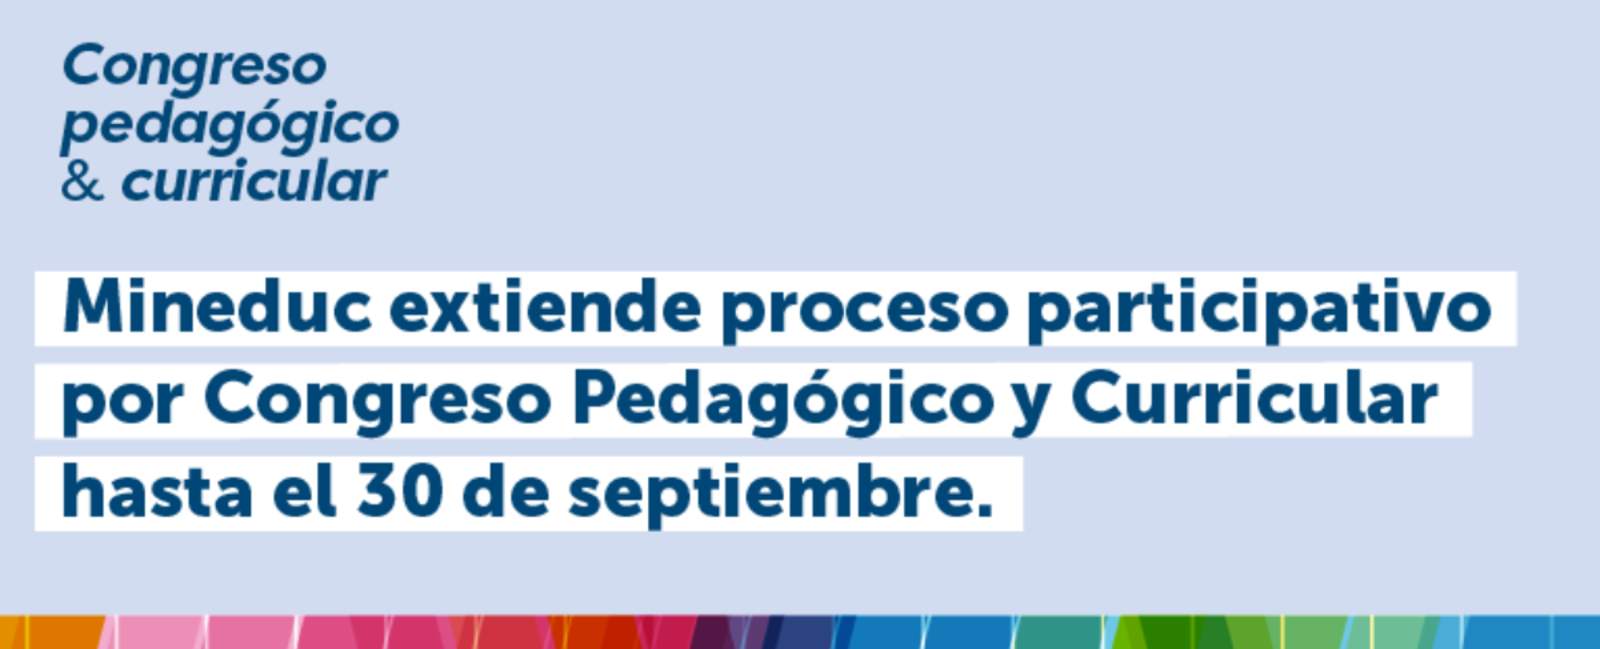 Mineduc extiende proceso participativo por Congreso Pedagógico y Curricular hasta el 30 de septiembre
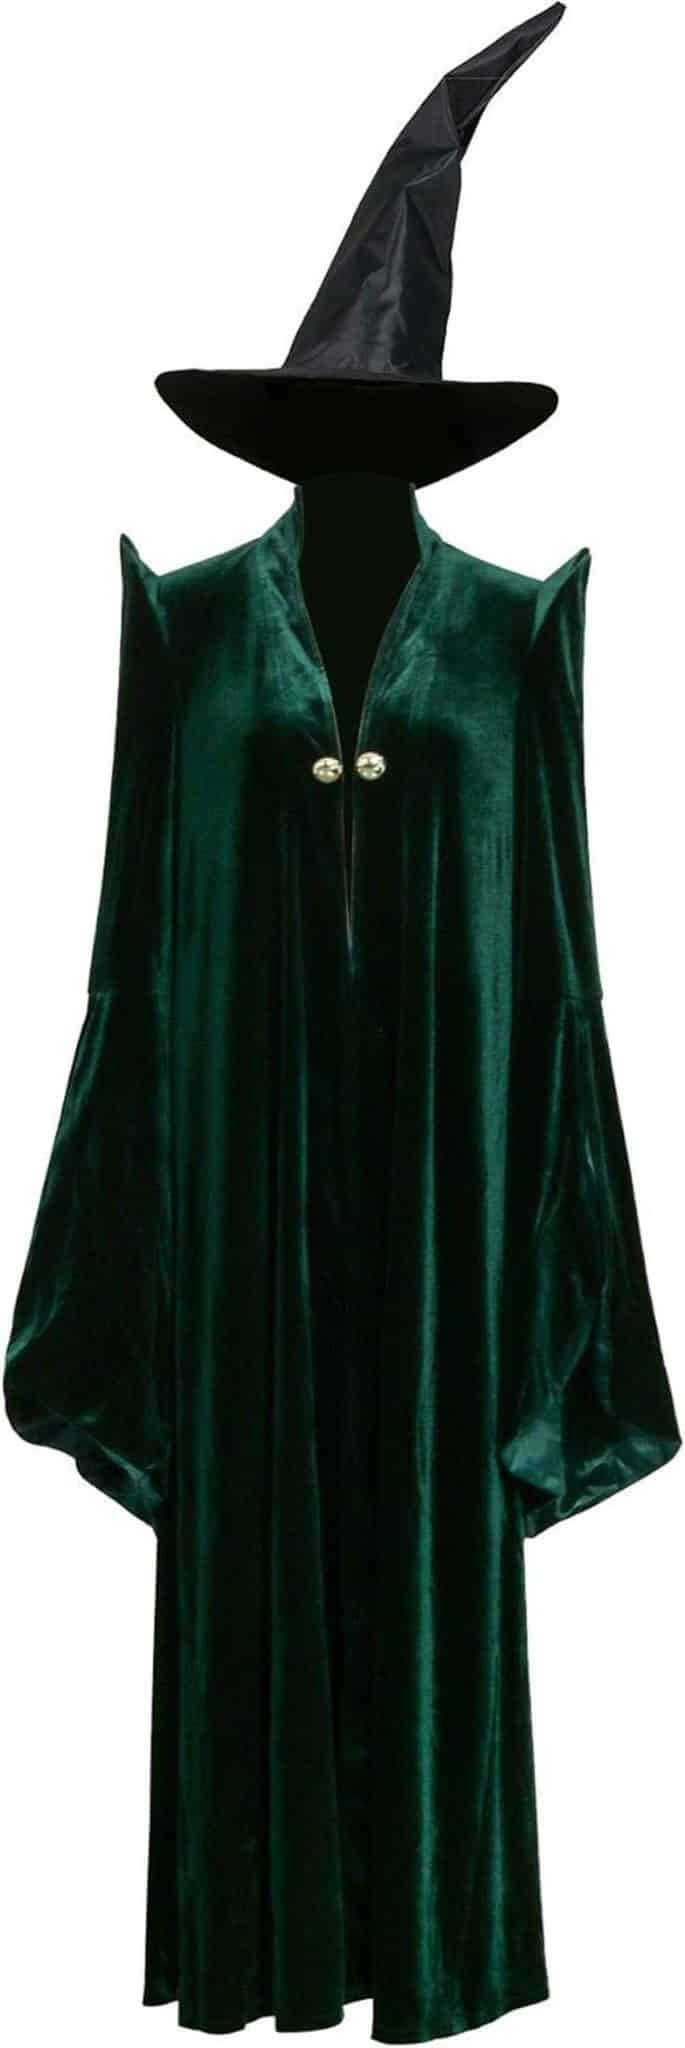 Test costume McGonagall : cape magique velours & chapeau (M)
■ ■ ■ ■ ■
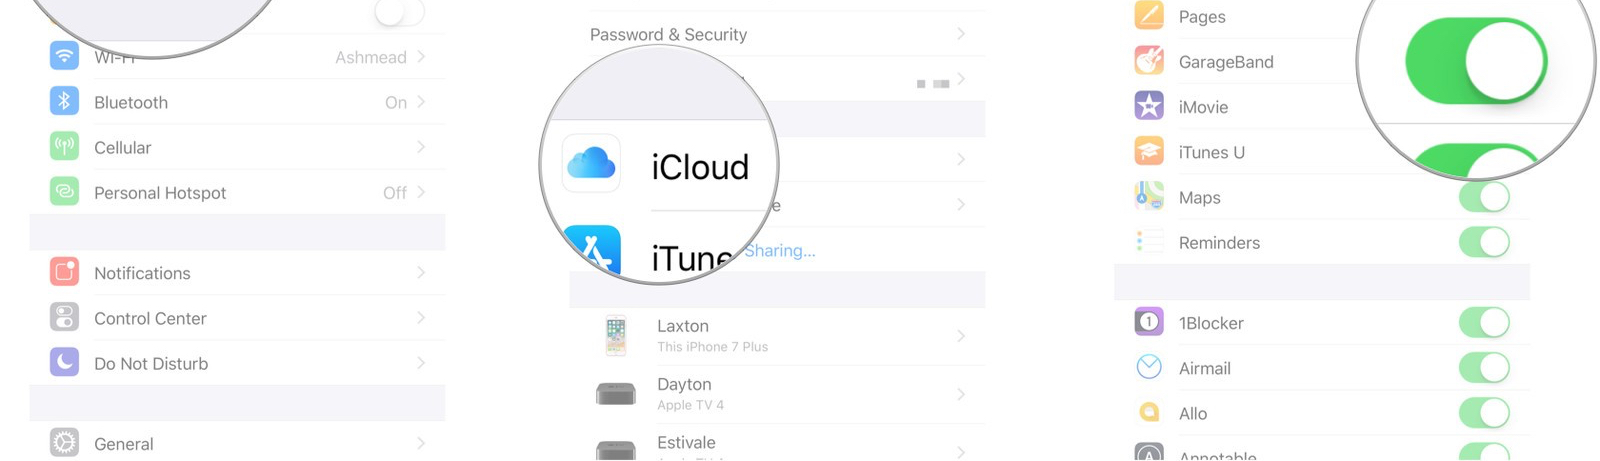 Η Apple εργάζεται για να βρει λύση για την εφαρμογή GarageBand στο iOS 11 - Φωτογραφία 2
■ ■ ■ ■ ■
What the exercise asks: Write back word for word every line in the entries above from the one with "Mineduc extiende proceso" to the one with "Test costume McGonagall", ends included, and none of the pictures.

The answer:
 Mineduc extiende proceso participativo por Congreso Pedagógico y Curricular hasta el 30 de septiembre
 Test costume McGonagall : cape magique velours & chapeau (M)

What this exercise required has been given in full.